• [Task description]: A faithful transcription of all the data, images excluded, is the required answer.

• [Provided material]:
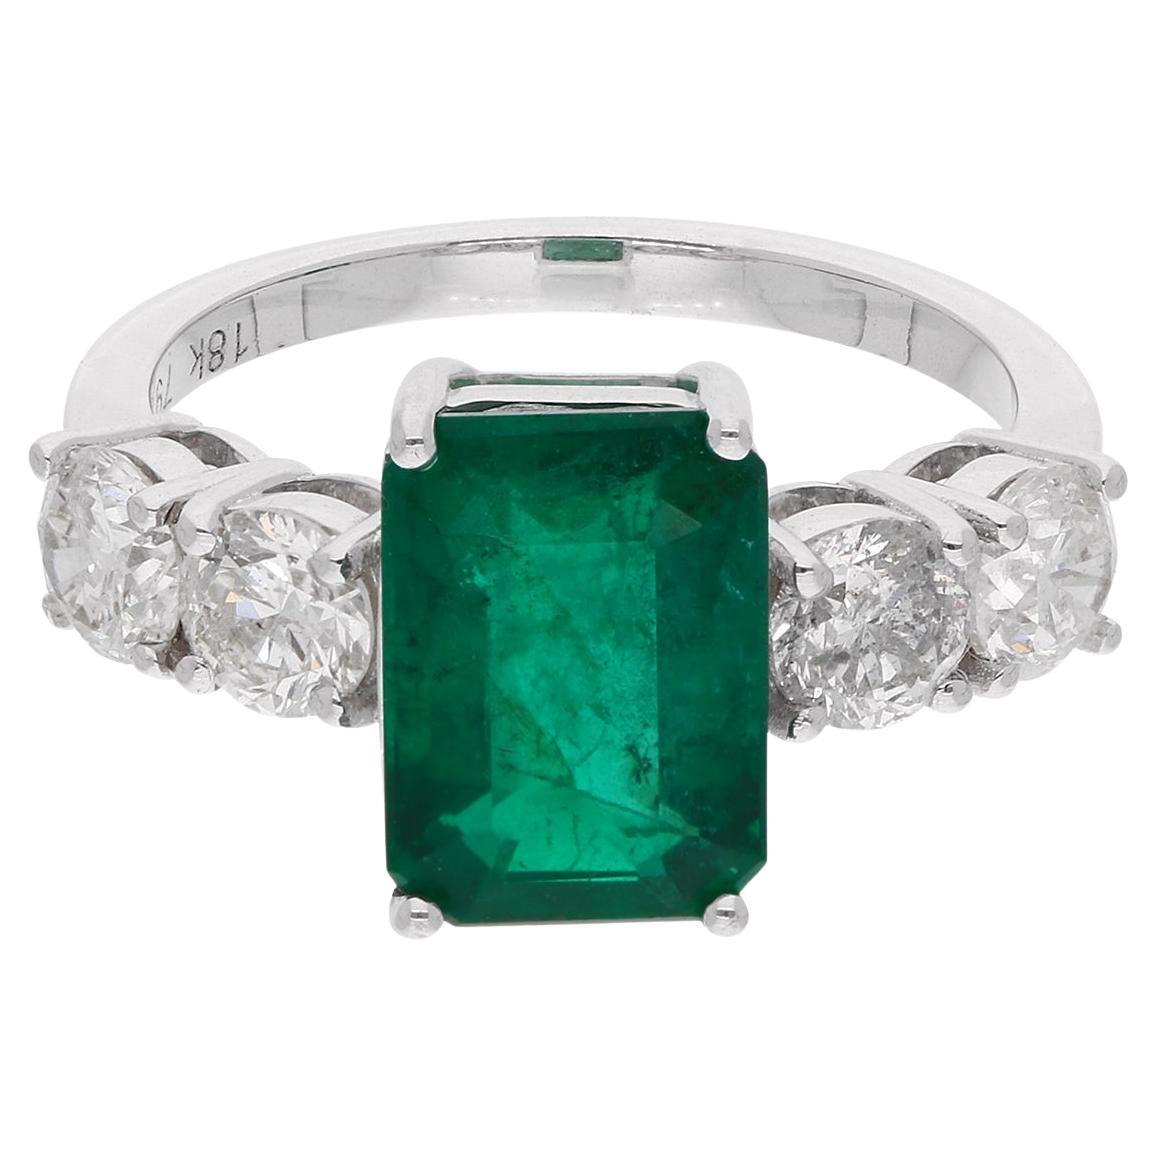 Natural Emerald Gemstone Ring Diamond 18 Karat White Gold Handmade Fine Jewelry
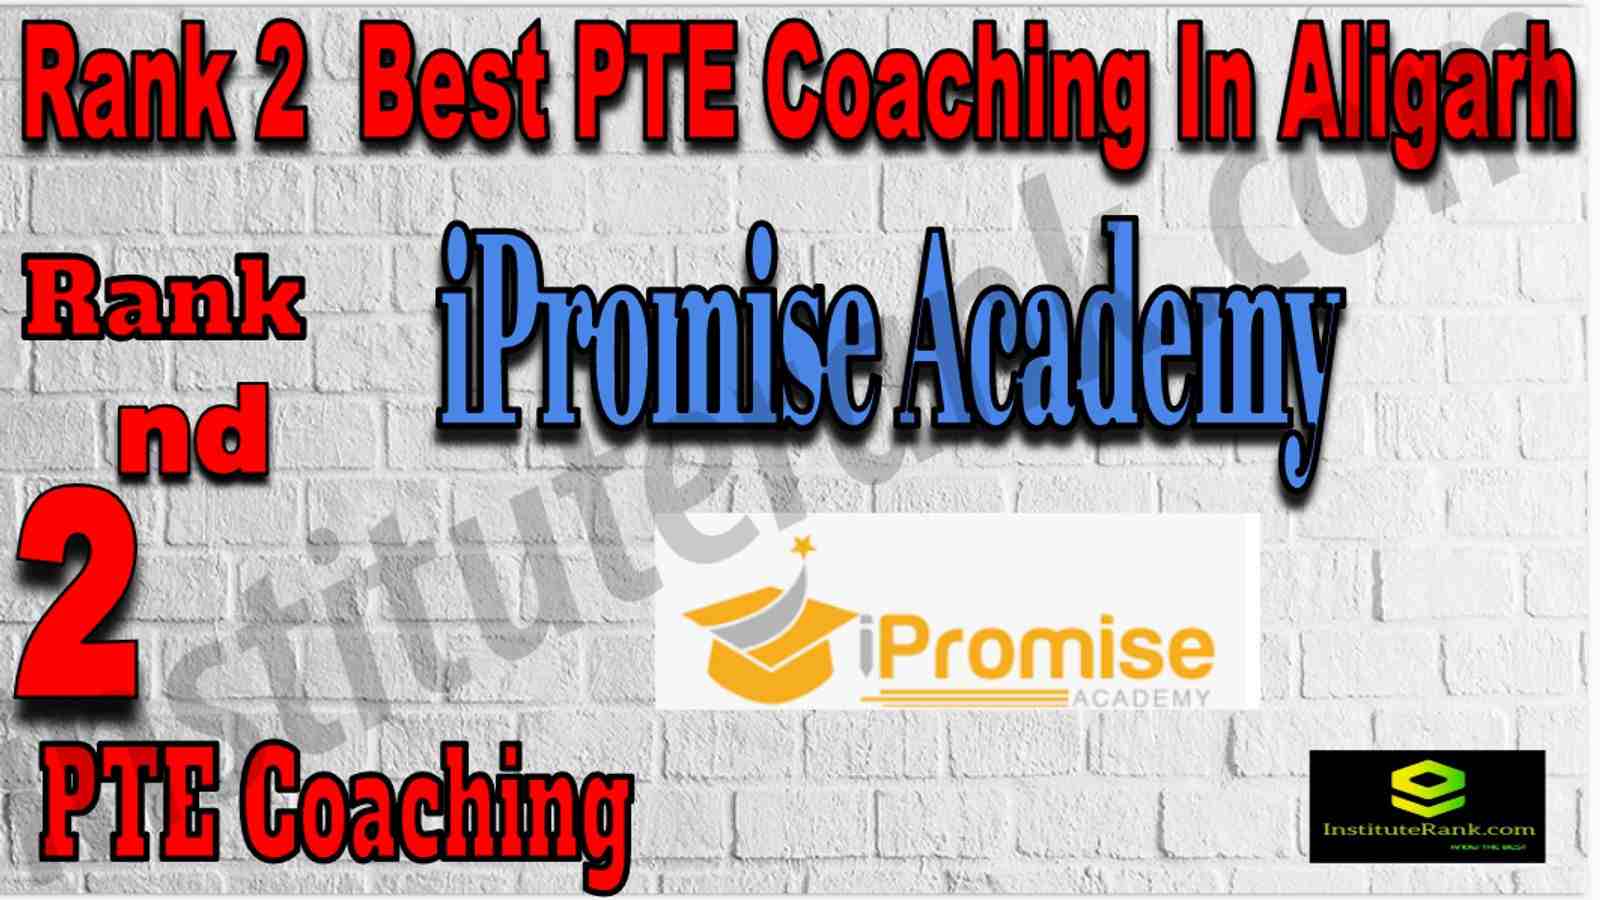 Rank 2 Best PTE Coaching In Aligarh
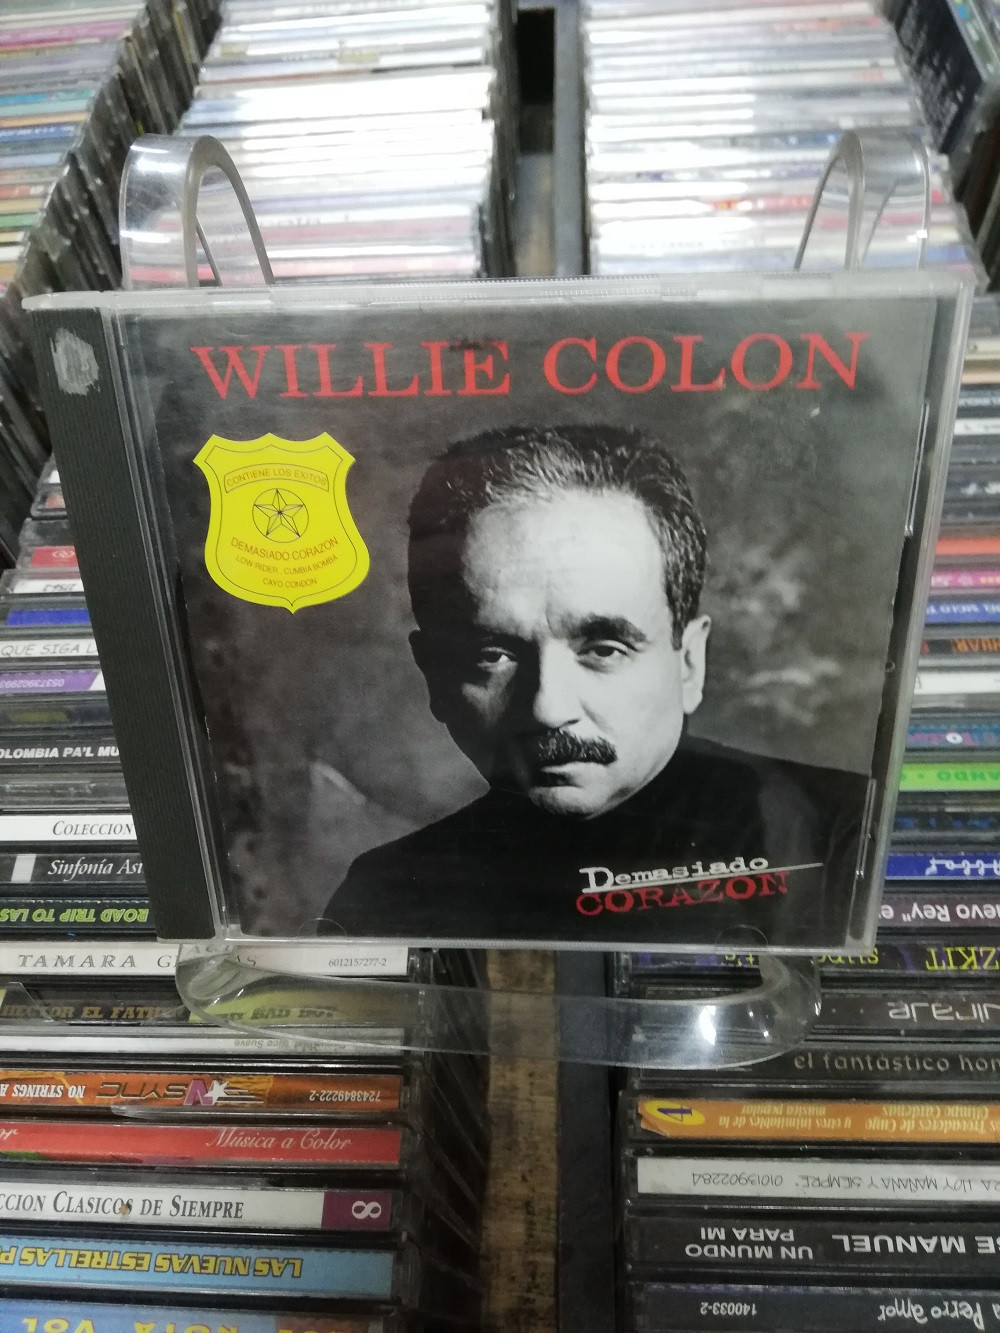 Imagen CD WILLIE COLÓN - DEMASIADO CORAZÓN 1

• [Answer to this exercise]:
 Natural Emerald Gemstone Ring Diamond 18 Karat White Gold Handmade Fine Jewelry
 Rank 2 Best PTE Coaching In Aligarh
 Imagen CD WILLIE COLÓN - DEMASIADO CORAZÓN 1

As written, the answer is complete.